> [Work item]: Without the pictures, give the listing below again exactly.

> [The data]:
▬▬▬
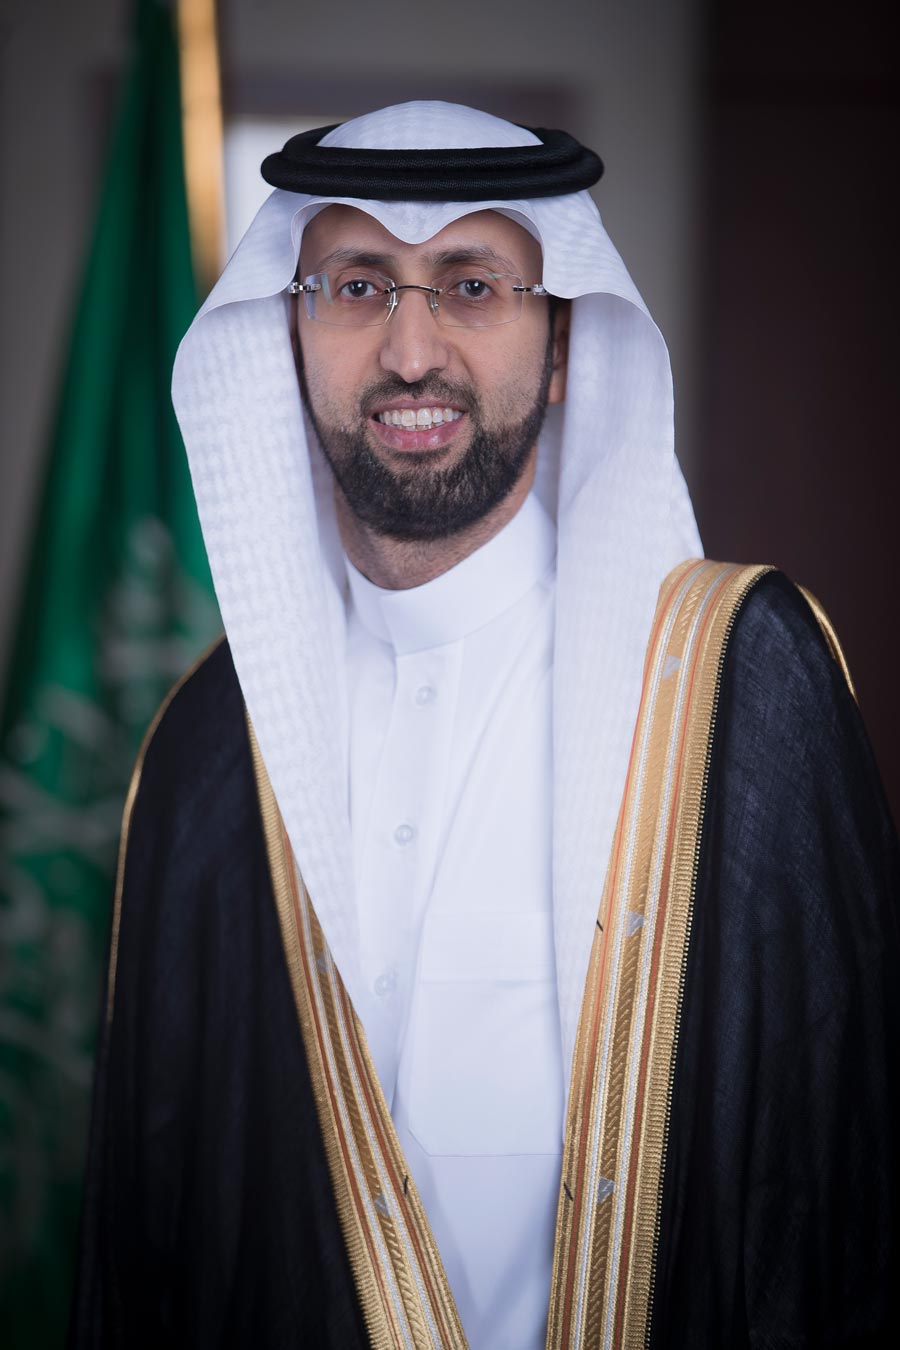 Saudi Food and Drug Authority (SFDA) CEO Hisham Bin Saad Al-Jadhey
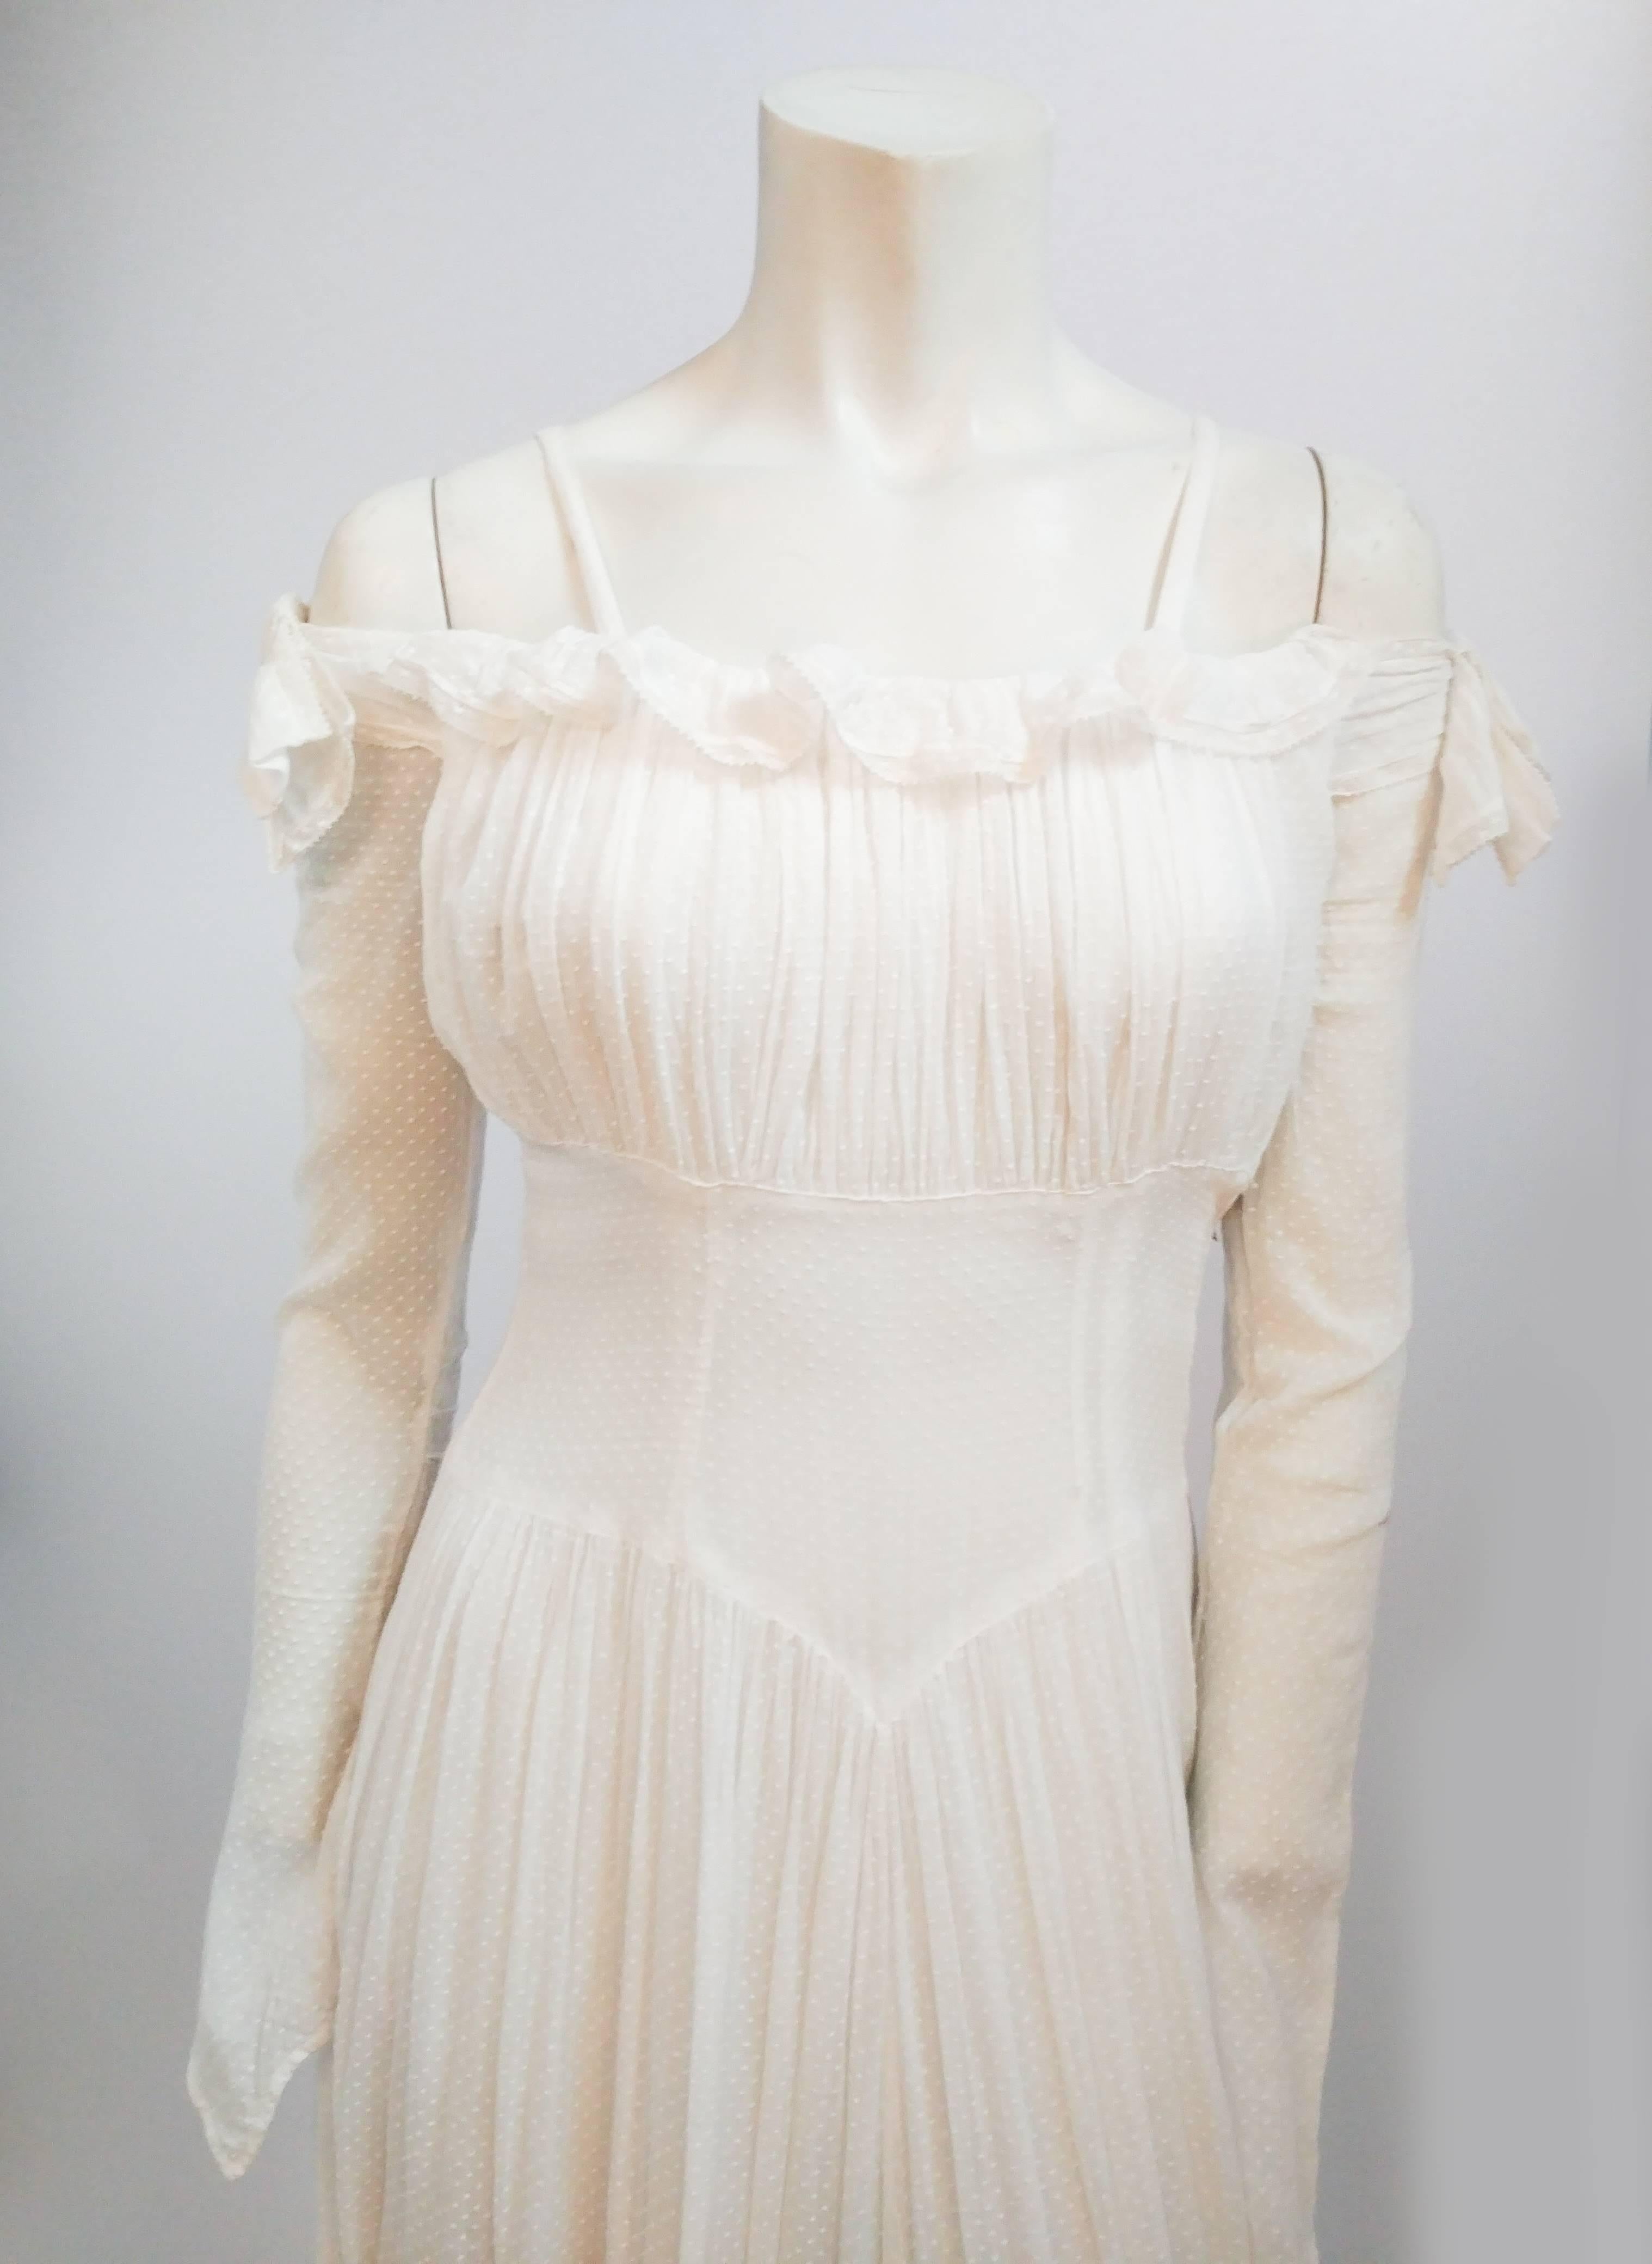 robe de mariée blanche à pois suisse des années 1940. Les épaules sont ornées de petits volants. Les manches longues arrivent à un point à la main. Buste froncé et basque à la taille. Une traîne pleine longueur dans le dos. 
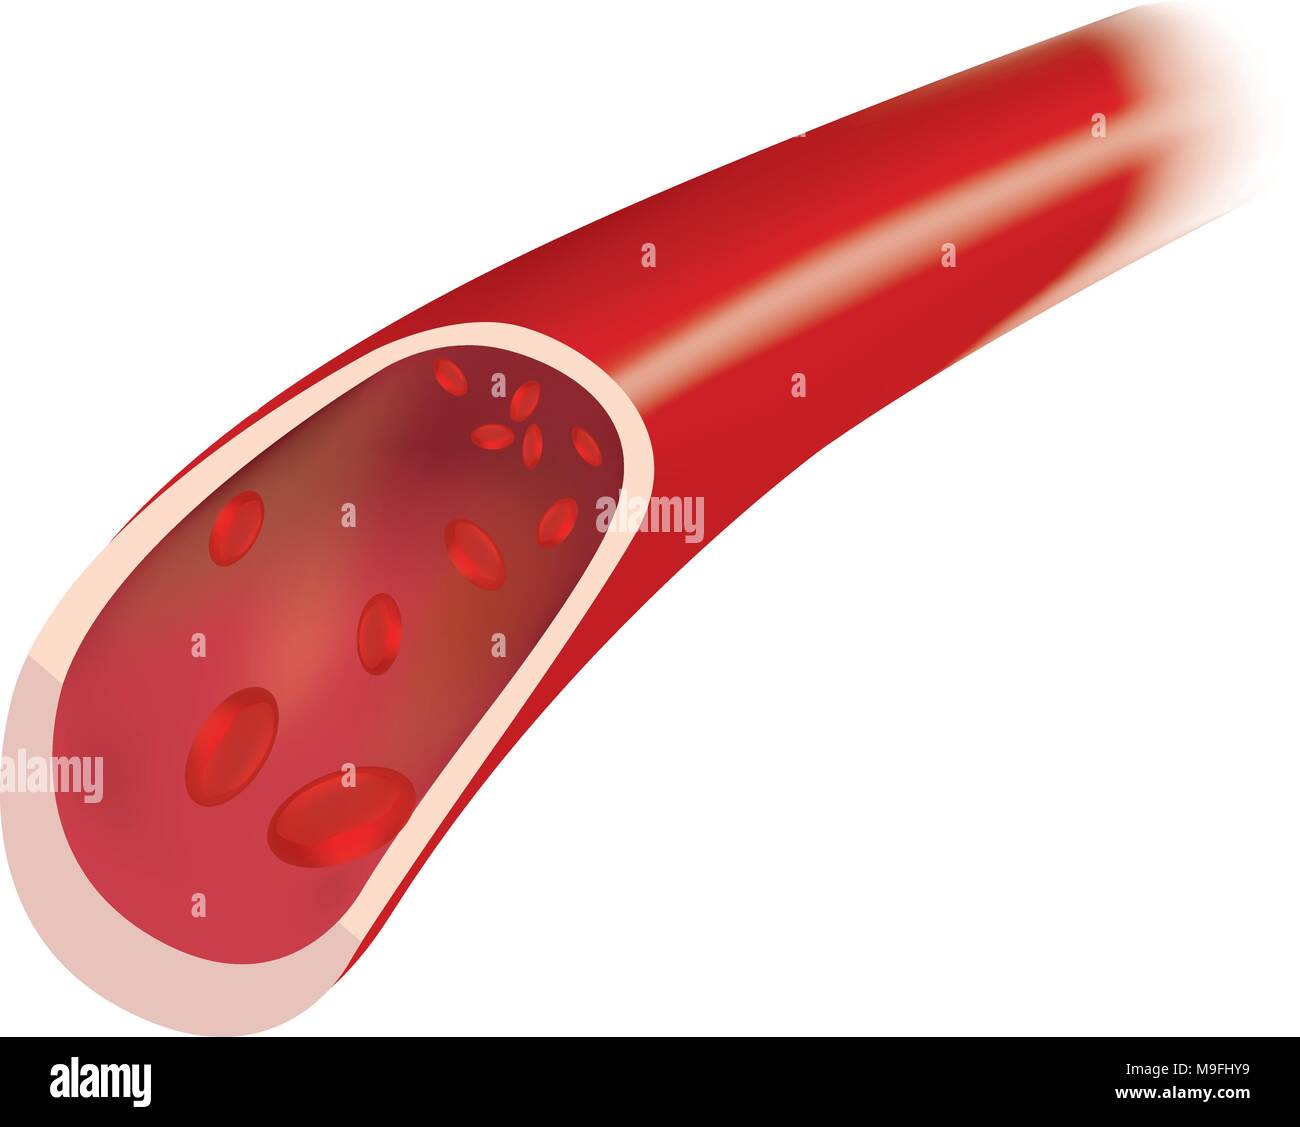 Angioplastica o angioplastica con palloncino) è una procedura endovascolare  per ampliare ristretto o arterie ostruite o vene, tipicamente per trattare  Antonio arteriosa Immagine e Vettoriale - Alamy
▬▬▬
> [Output for this exercise]:
 Saudi Food and Drug Authority (SFDA) CEO Hisham Bin Saad Al-Jadhey
 robe de mariée blanche à pois suisse des années 1940. Les épaules sont ornées de petits volants. Les manches longues arrivent à un point à la main. Buste froncé et basque à la taille. Une traîne pleine longueur dans le dos. 
 Angioplastica o angioplastica con palloncino) è una procedura endovascolare  per ampliare ristretto o arterie ostruite o vene, tipicamente per trattare  Antonio arteriosa Immagine e Vettoriale - Alamy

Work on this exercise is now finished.